Experimental Procedures: Using publicly available data from a cohort of patients with PDAC in The Cancer Genome Atlas (TCGA), we performed differential expression analysis of miR-21 and KRAS-related gene targets as well as gene set enrichment analysis of oncogenic pathways identified by the Molecular Signatures Database (MSigDB). Concurrently, de-novo patient-derived organoid (PDO) models were generated from core biopsies and surgical resection specimens. To evaluate the effects of miR-21 inhibition on KRAS pathway activity in a human model system, we selected 6 PDO cell lines and determined miR-21 gene expression by quantitative PCR at baseline and after knockdown using a lentiviral construct.
Results: Analysis of TCGA PDAC cohort identified heterogeneous endogenous expression of miR-21, which was validated ex vivo in our PDO model system. Gene set enrichment analysis revealed enrichment of gene sets associated with KRAS dependency, MEK, AKT, and MTOR signaling in patients with higher endogenous miR-21 expression. MiR-21 knockdown in PDO cell lines was stable at multiple intervals following lentiviral transduction. Further, expression of PDCD4, a tumor suppressor gene and target of miR-21 downstream of KRAS, was enhanced in PDO lines following miR-21 inhibition.

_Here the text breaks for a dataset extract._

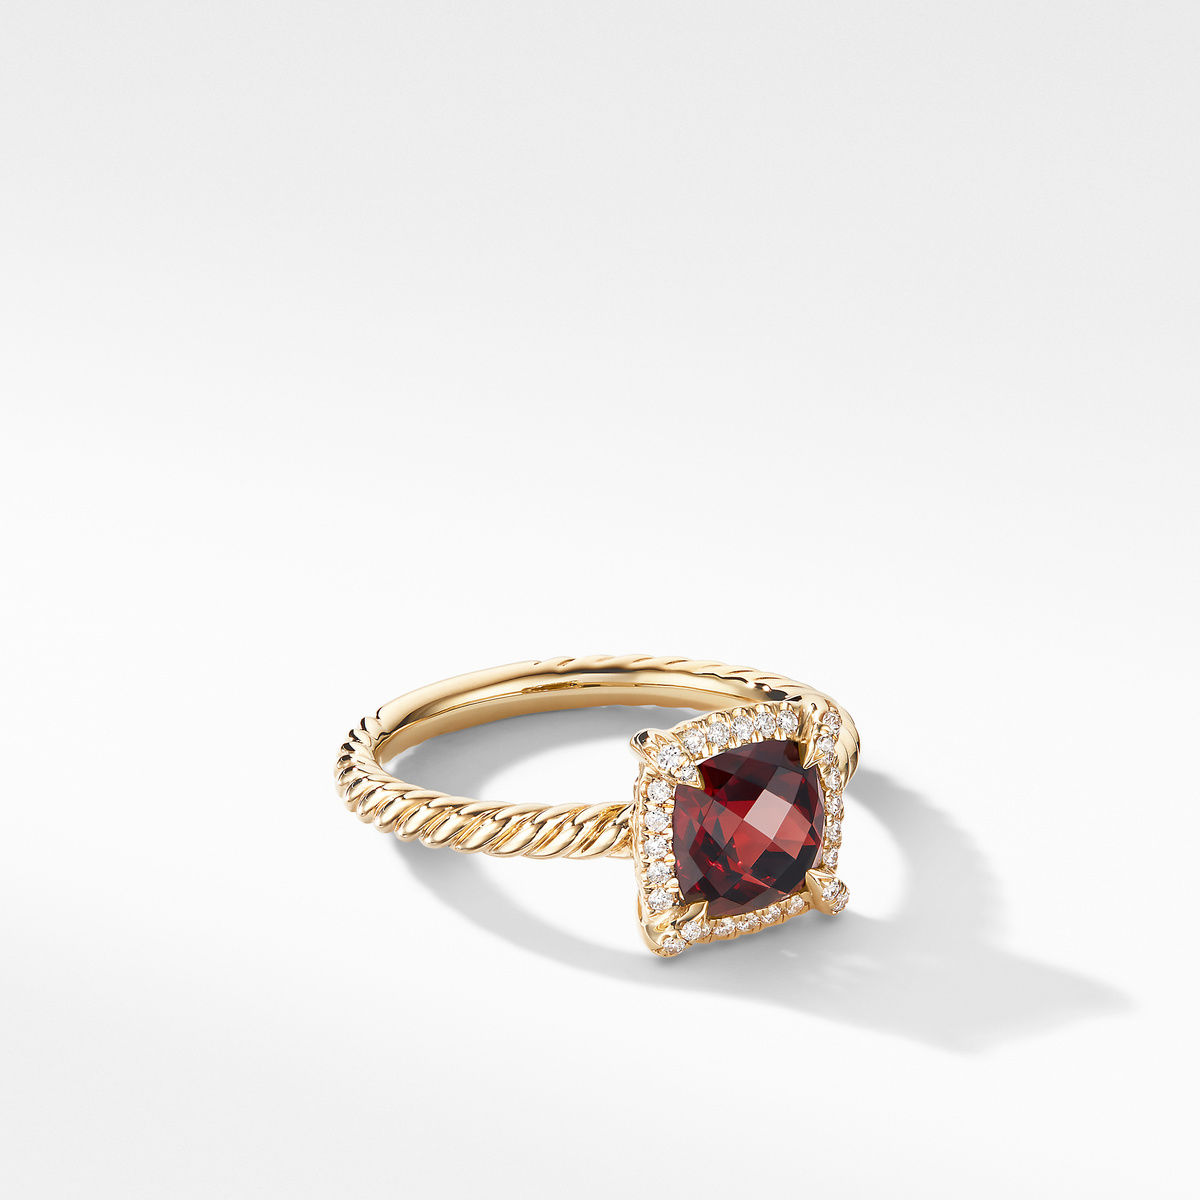 David YurmanPetite Chatelaine Pave Bezel Ring in 18K Yellow Gold with Garnet and Diamonds - Size 5

Conclusions: We previously demonstrated that miR-21 appears to be an early and reliable molecular marker of pancreatic neoplasia and that systemic inhibition in a murine model intercepts PDAC tumorigenesis. We now demonstrate in human models that higher miR-21 expression is associated with enrichment of gene sets downstream of KRAS. Additionally, knocking down miR-21 expression enhances the expression of gene targets with tumor suppressor function, notably PDCD4. This suggests that modulating miR-21 expression subsequently modulates the expression of gene targets with critical cell regulatory functions and provides additional insight into novel therapeutic targets.
Citation Format: Jacquelyn W. Zimmerman, Daniel H. Shu, Richard A. Burkhart, Joseph Tandurella, Elana J. Fertig, Elizabeth M. Jaffee. miR-21 as a post-transcriptional regulator of pancreatic ductal adenocarcinoma (PDAC) tumorigenesis [abstract]. In: Proceedings of the American Association for Cancer Research Annual Meeting 2022; 2022 Apr 8-13. Philadelphia (PA): AACR; Cancer Res 2022;82(12_Suppl):Abstract nr 1480.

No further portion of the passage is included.